Now a van is standing at the edge of the vineyard and its driver is surveying the land, ahead of the construction of a boutique winery, a visitors’ center and B&Bs. Raz’s property is only the first in a series of similar plots that will be part of this new project. If all goes well, from 2010 the riverbed will be colored green by more than 1,000 dunams (250 acres) of vineyards and olive trees, cherry groves and fruit trees, all of them organic. (The fact that the fertile soil here has never been tainted by modern pesticides led the project leaders to demand organic crops.) Between the fields there will be tourist attractions, such as a farmers’ market, olive presses, boutique wineries and even a large commercial winery, which will be the standard-bearer for the Mitzpeh Ramon wine region.

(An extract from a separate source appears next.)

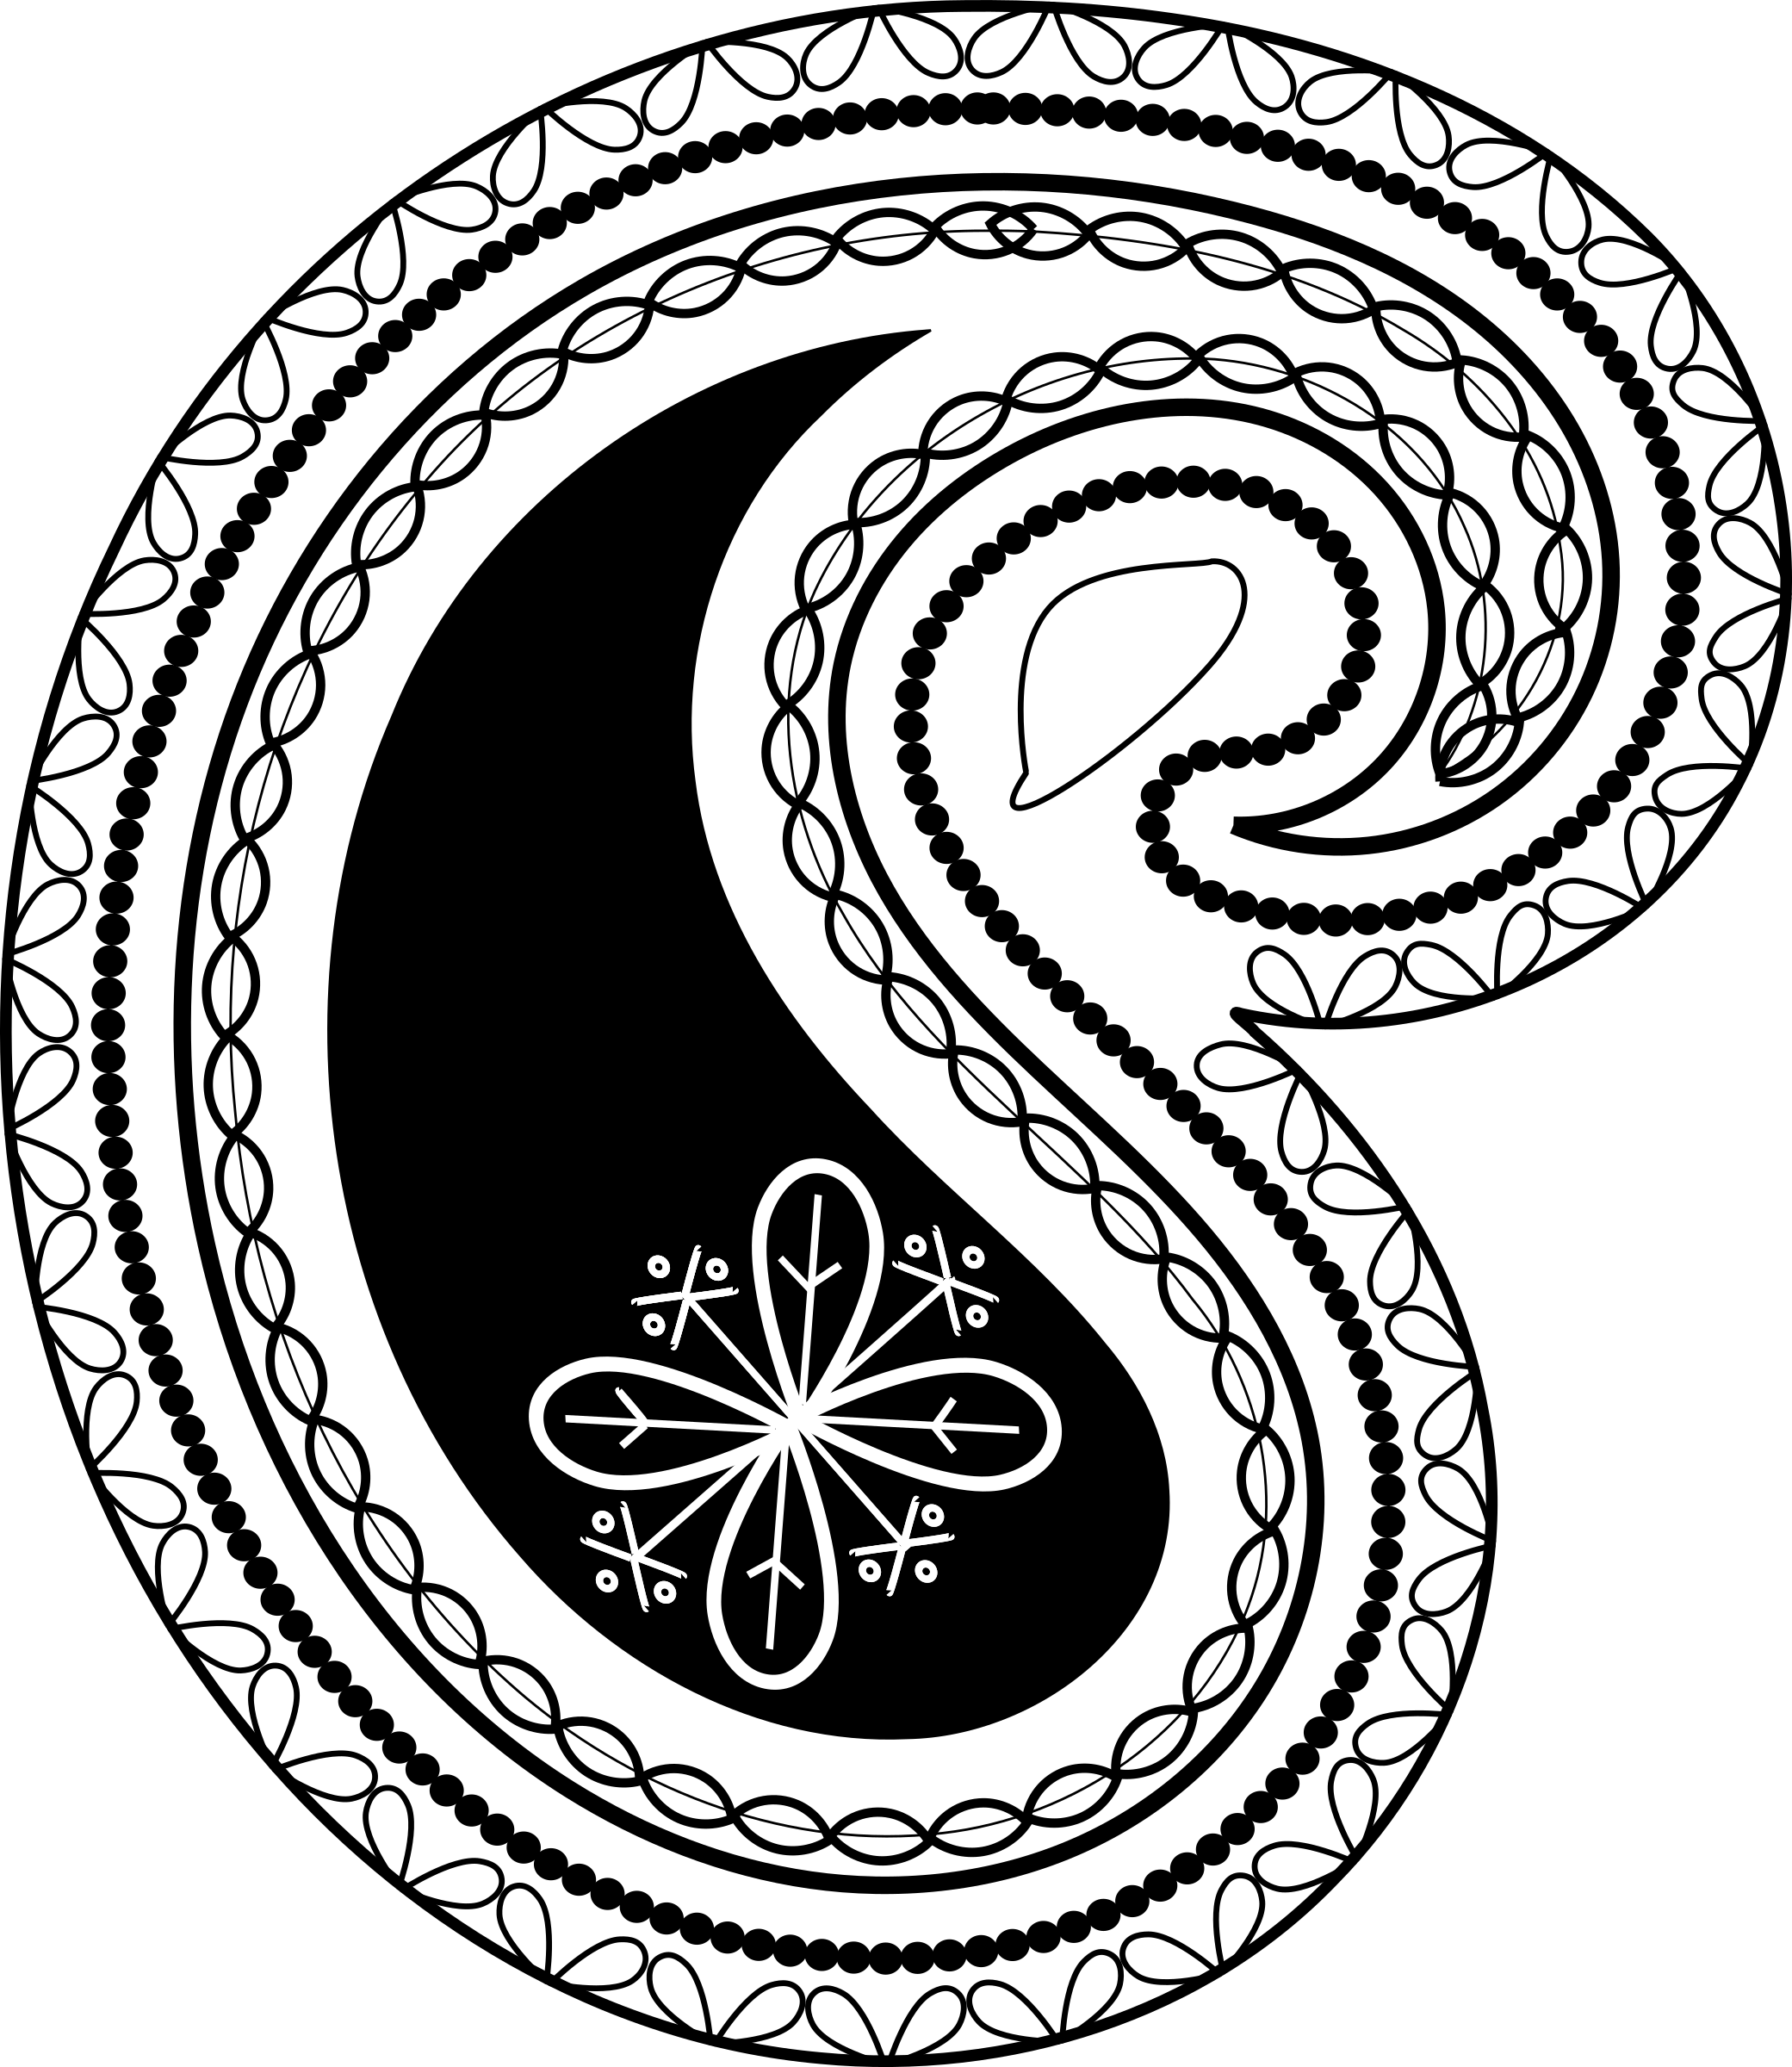 Big Image - Paisley Black And White Pattern (2081x2400)

Raz actually studied communications, but his roots, planted deep in the settlement movement, gave him no rest. In 1998 he arrived at the Elah Valley Winery to manage the highly cultivated vineyards of this rich kosher boutique winery, which also supplies grapes to other wineries. Afterward, he was courted by some of the country’s top wineries, in the hope that he would share his wisdom with their staff. But Raz, who loves the desert as much as he loves wine, took his family to Mitzpeh Ramon.

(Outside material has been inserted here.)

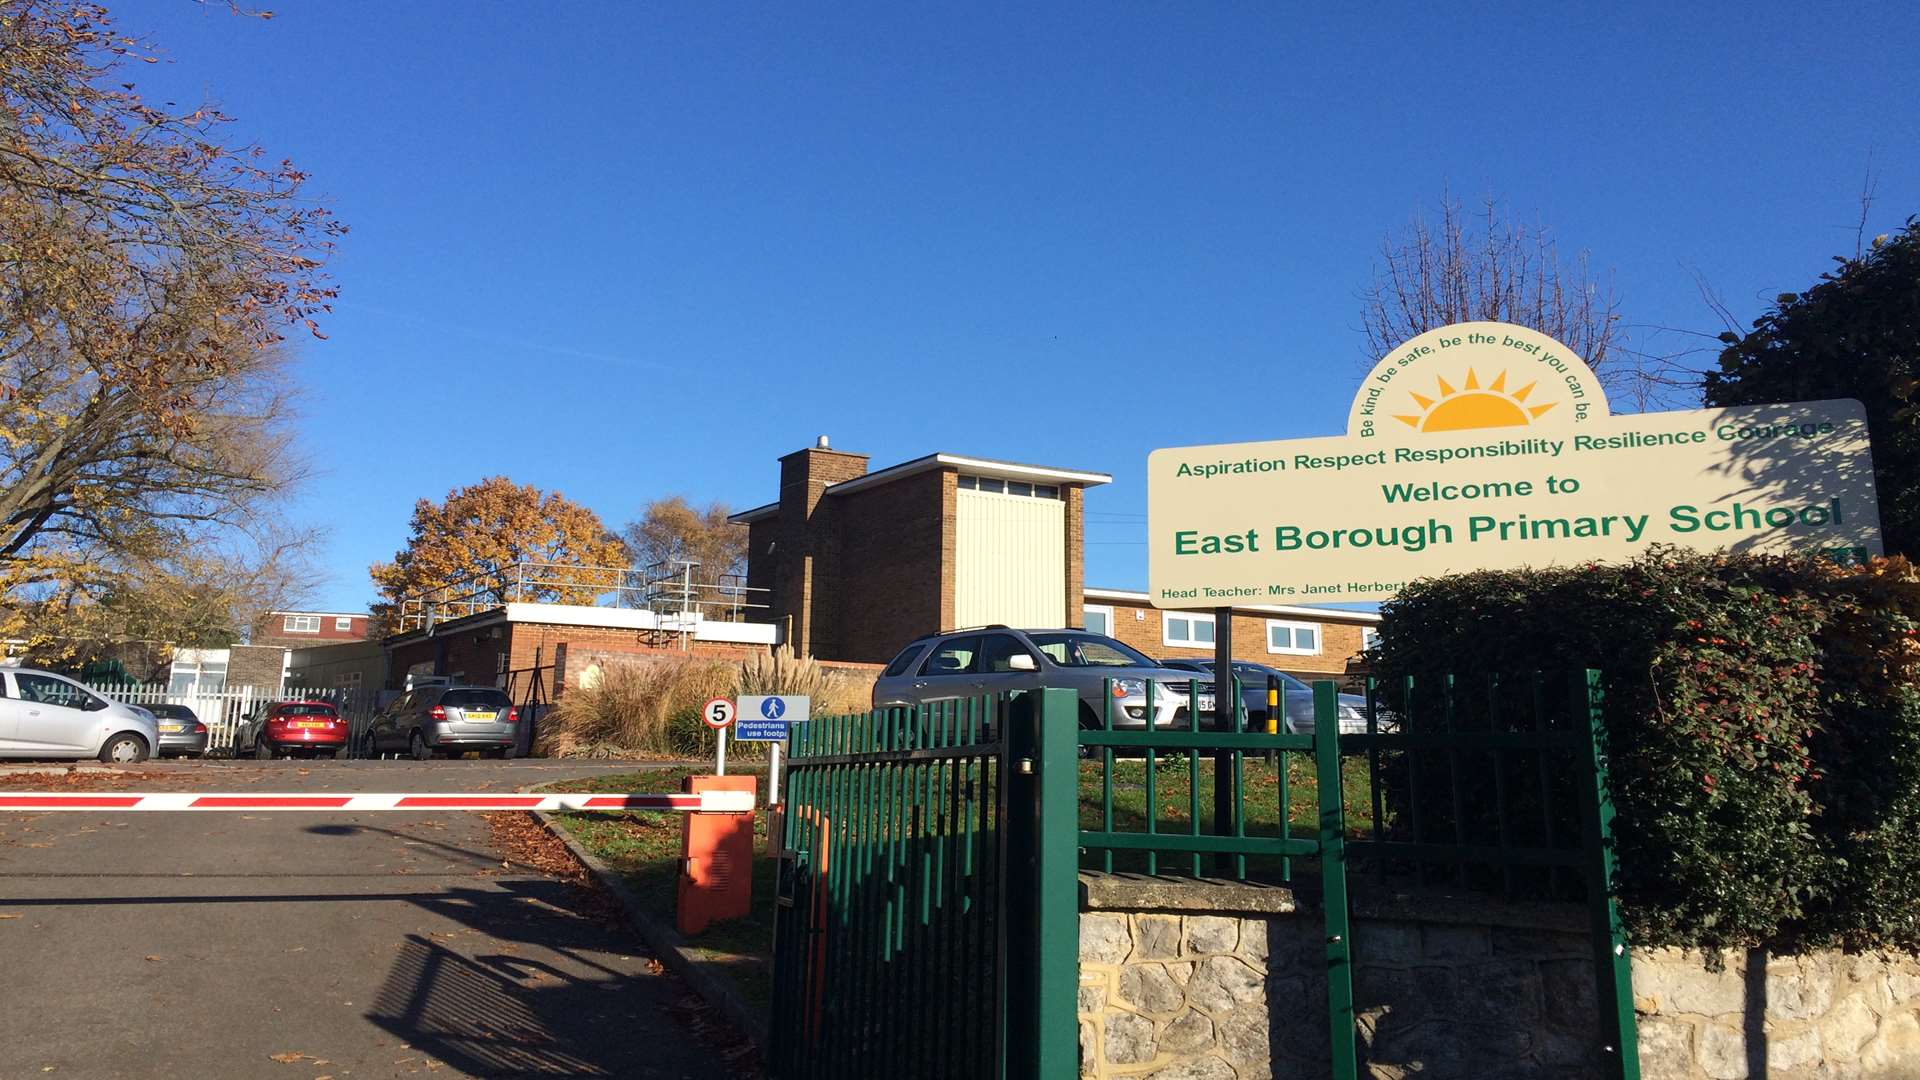 East Borough Primary School

In the Judean Hills vine growers have to cope with deer and jackals; on the Golan Heights, with wild boar that have developed an appetite and a fondness for Gala apples; and in Mitzpeh Ramon, Raz’s bane is termites. Who knew that there were hundreds of varieties of termites in southern Israel. And that there are also camels and their riders, who treat the oasis that has suddenly sprung up on the edge of the crater as a friendly roadside restaurant, and convoys of smugglers transporting their cargo on all-terrain vehicles.

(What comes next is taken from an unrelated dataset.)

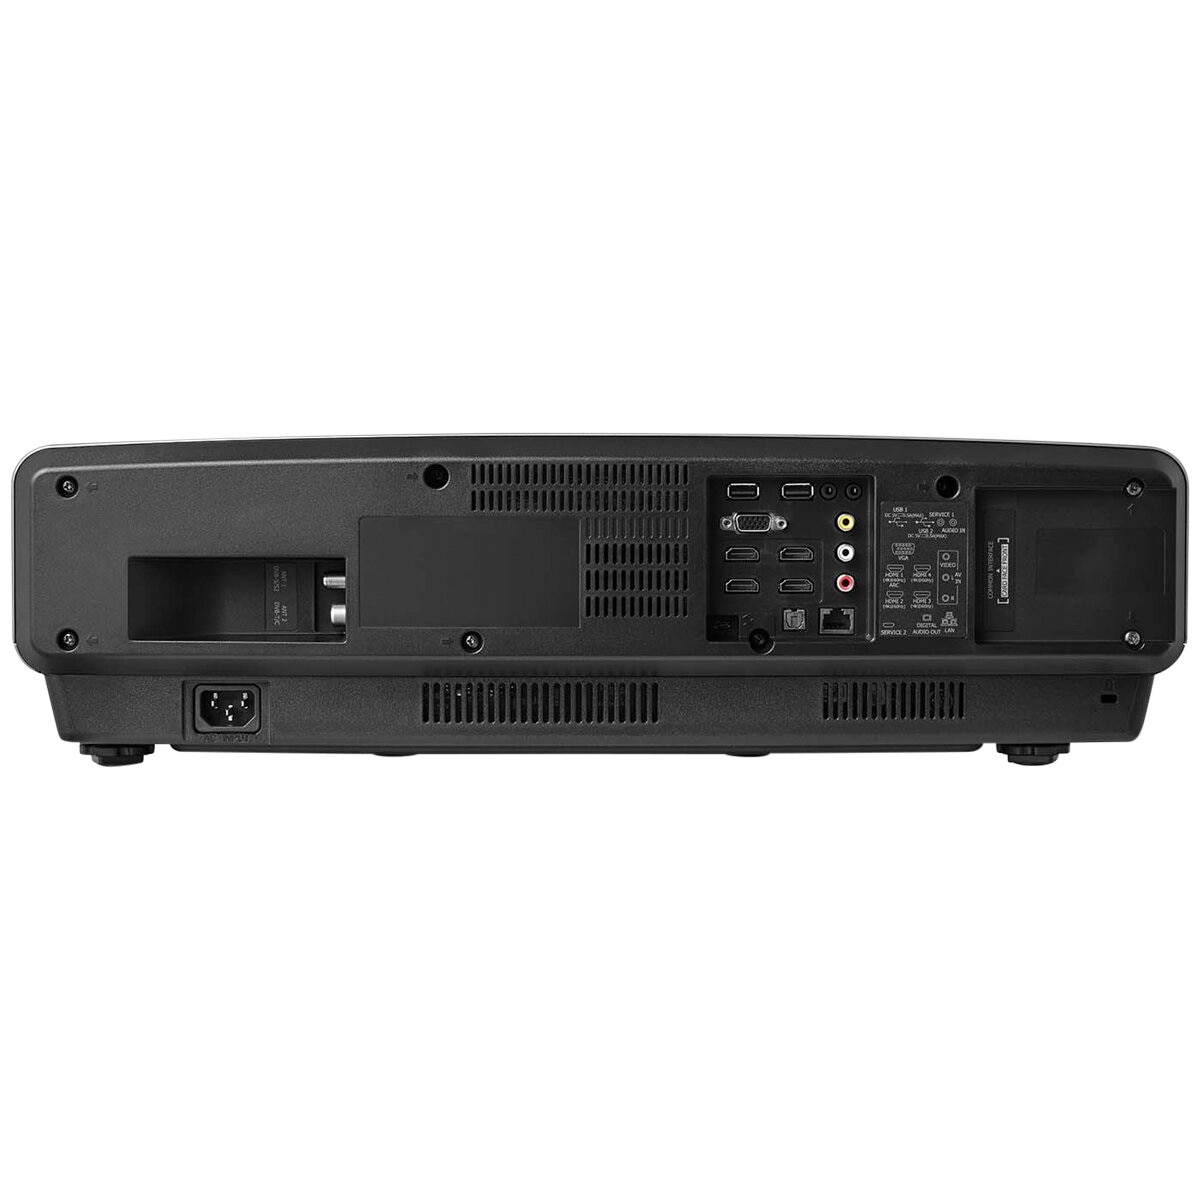 Hisense 120 Inch 4K Laser TV 120L5FSET

Even after the first vineyard yields its fruit, in another two years, Raz will need many long years to study the soil and decipher the region’s singular secrets. After all, in France they have been cultivating vineyards for centuries, in the Golan Heights for a quarter of a century, and both here and there they are still learning.
Agriculture will win
Name: Marc Sarbier Place: Kibbutz Tzuba Vineyard: Tzova Grape varieties: Merlot, Cabernet Sauvignon, Chardonnay, Sauvignon Blanc, Viognier, Semillon, Petit Verdot, Cabernet Franc -(and experimental varieties) Wine made from the vineyard’s grapes by Castel Winery: Grand Vin 2005
An emotional cry arises from the rows of winegrowers - students from the Hebrew University of Jerusalem and recently discharged soldiers - heralding the arrival of the frenetic French imp, who bounds merrily between the apple orchards, vineyards, ancient olive presses and burial caves scattered across the biblical landscapes of the wadis and riverbeds. Marc Sarbier -(from the ancient Jewish name Sharbiya) was born in Tunis. At the age of two he moved with his family to France - to Montpellier and then to Dijon, where he obtained a masters degree in applied mathematics and worked as a teacher in a country that not only honors members of the teaching profession with the title of professor, but also recompenses them economically. Afterward he immigrated to Israel and chose the kibbutz way of life, in one of the few kibbutzim that has managed to preserve - thanks to the financial success of its industries - agricultural work and the principles of kibbutz life in full.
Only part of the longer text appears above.